7. The method according to claim 1, characterized in that, The method further includes: Based on the crack density, determine the spatial distribution characteristics of crack development intensity within the target area; Based on the spatial distribution characteristics, the exploration potential of the target area is determined.
8. A device for determining crack density based on pure transverse wave reflection amplitude domain information, characterized in that, include: The data acquisition module is used to acquire first shear wave data, second shear wave data, and logging data of the target area; wherein, the first shear wave data and the second shear wave data are fast shear wave pre-stack data and slow shear wave pre-stack data acquired based on two orthogonal observation azimuths, respectively. The data processing module is used to preprocess the first shear wave data, the second shear wave data, and the logging data to determine the first shear wave amplitude gather, the second shear wave amplitude gather, the seismic wavelet, and the stratigraphic interpretation information. The parameter determination module is used to simultaneously invert the first shear wave amplitude gather, the second shear wave amplitude gather, the seismic wavelet, and the layer interpretation information using a preset pre-stack joint inversion objective function to determine the shear wave splitting parameters; wherein, the preset pre-stack joint inversion objective function is constructed based on the reflection coefficient equation of linearized reconstruction; The density determination module is used to determine the crack density of the target area based on the shear wave splitting parameters and the preset linear mapping relationship between the shear wave splitting parameters and crack density.
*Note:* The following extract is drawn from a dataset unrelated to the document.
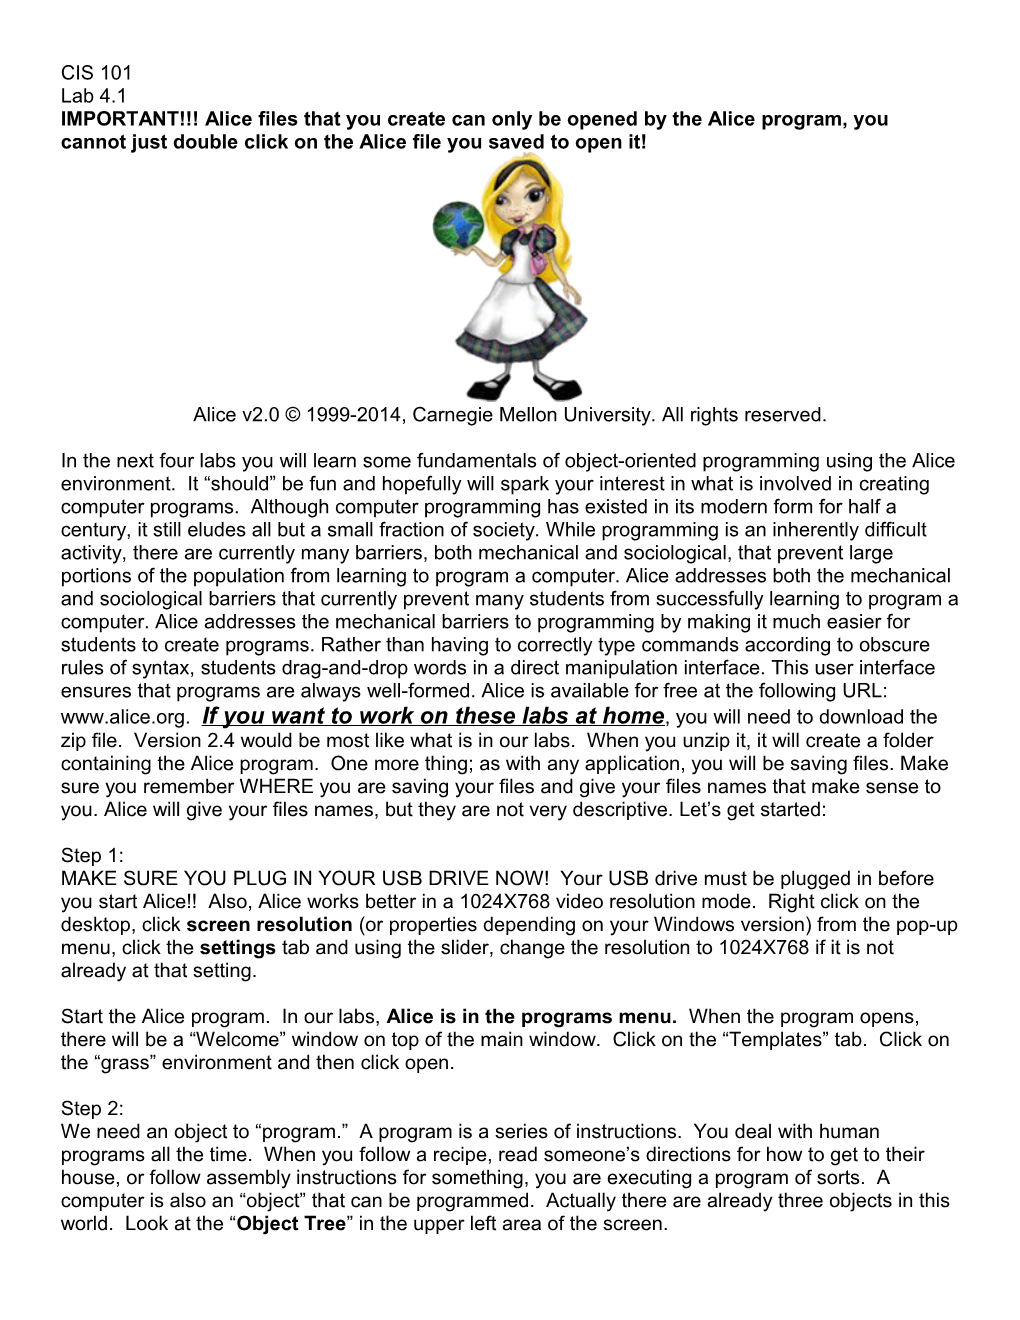 Alice V2.0 1999-2014, Carnegie Mellon University. All Rights Reserved

9. An electronic device, characterized in that, It includes a processor and a memory for storing processor-executable instructions, wherein the processor, when executing the instructions, implements the steps of the method according to any one of claims 1 to 7.
10. A computer-readable storage medium, characterized in that, It stores computer instructions that, when executed by a processor, implement the steps of the method according to any one of claims 1 to 7.